The content of elements (Cr, Fe, Ni) in hair of patients during orthodontic treatment

C Without appl :

The content of elements (Cr, Fe, Ni) in hair of patients before the beginning of orthodontic treatment

In the present work, α coefficient (dimensionless, showing how many times the content increased vs. control sample) takes the following values after 4, 8, and 12 months of therapy, respectively: for Cr (9.1, 8.9, 7.9), for Ni (1.3, 1.1, 1.5), and for Fe (1.4, 1.3, 1.4). This shows that the content of Cr increased several times while the level of Ni and Fe only to a certain extent. The value of the coefficient was in all cases higher than 1 which signifies that the metal ions released from the appliance were transferred to hair tissue. β coefficient (showing the increase in the content as expressed in mg/kg) was as follows: for Cr (0.16, 0.16, 0.14), for Ni (0.078, 0.032, 0.134), and for Fe (4.6, 2.8, 3.9).
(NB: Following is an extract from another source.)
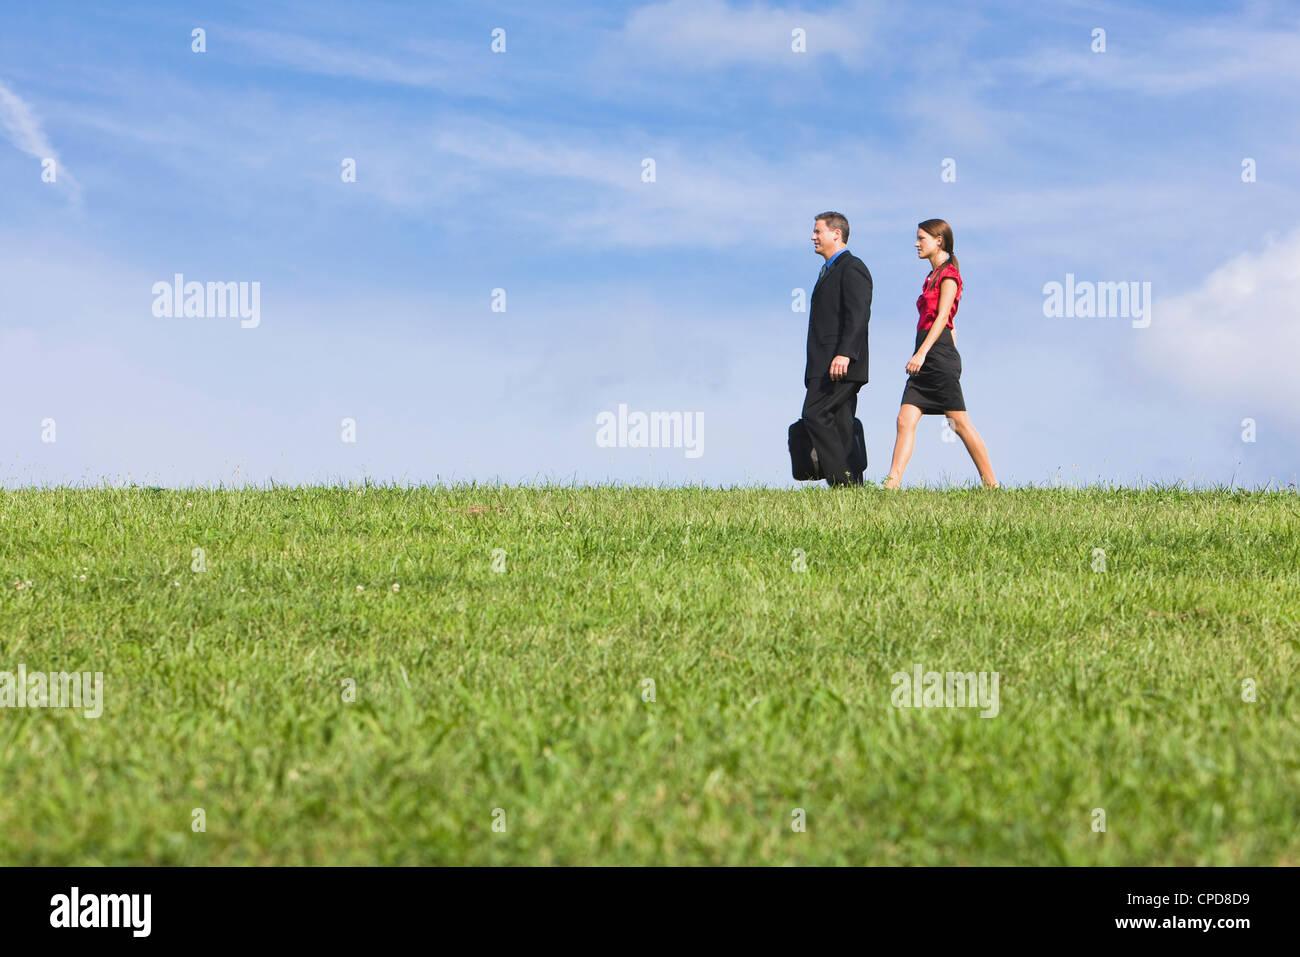 Caucasian co-trabajadores caminando a través de césped Foto de stock

Since the coefficient β reflects the difference in the content of metal ions between the samplings during the treatment and before the treatment, it indicated an increased content of Cr, Ni, and Fe in hair as a result of orthodontic treatment. This difference (expressed in mg/kg) was the highest for Fe because this is the major trace element and is the main component of stainless steel. For all the elements examined, the difference was higher than 0, which shows the transfer of metal ions released from the orthodontic appliance to hair tissue. On the basis of the evaluation of α and β coefficients, hair mineral analysis seems to reflect the exposure to Cr, Fe, and Ni from orthodontic appliances. This can be observed in Fig. 2, where the baseline reflects α = 1 and β = 0, which shows no transfer of metals to hair tissue.

Conclusions

The kinetics of metal ions released from orthodontic appliance and their transfer to hair tissue can be evaluated by a biomarker of chronic exposure, which is hair mineral analysis. The outcomes of the present study revealed that the content of Cr was statistically significantly higher during the treatment than before the beginning of therapy. However, the doses of released metal ions did not pose a toxicological danger.